Goal of the exercise: Copy nothing from the entries below except the lines from the one containing "Miles Carter Designs" through the one containing "Tulip Vase Decorative", and copy those exactly.

Material for this exercise:
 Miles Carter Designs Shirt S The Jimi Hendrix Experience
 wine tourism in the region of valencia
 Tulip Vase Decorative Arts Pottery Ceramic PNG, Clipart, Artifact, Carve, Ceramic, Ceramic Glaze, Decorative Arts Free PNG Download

==

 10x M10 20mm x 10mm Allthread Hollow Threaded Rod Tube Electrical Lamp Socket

Answer area:
 Miles Carter Designs Shirt S The Jimi Hendrix Experience
 wine tourism in the region of valencia
 Tulip Vase Decorative Arts Pottery Ceramic PNG, Clipart, Artifact, Carve, Ceramic, Ceramic Glaze, Decorative Arts Free PNG Download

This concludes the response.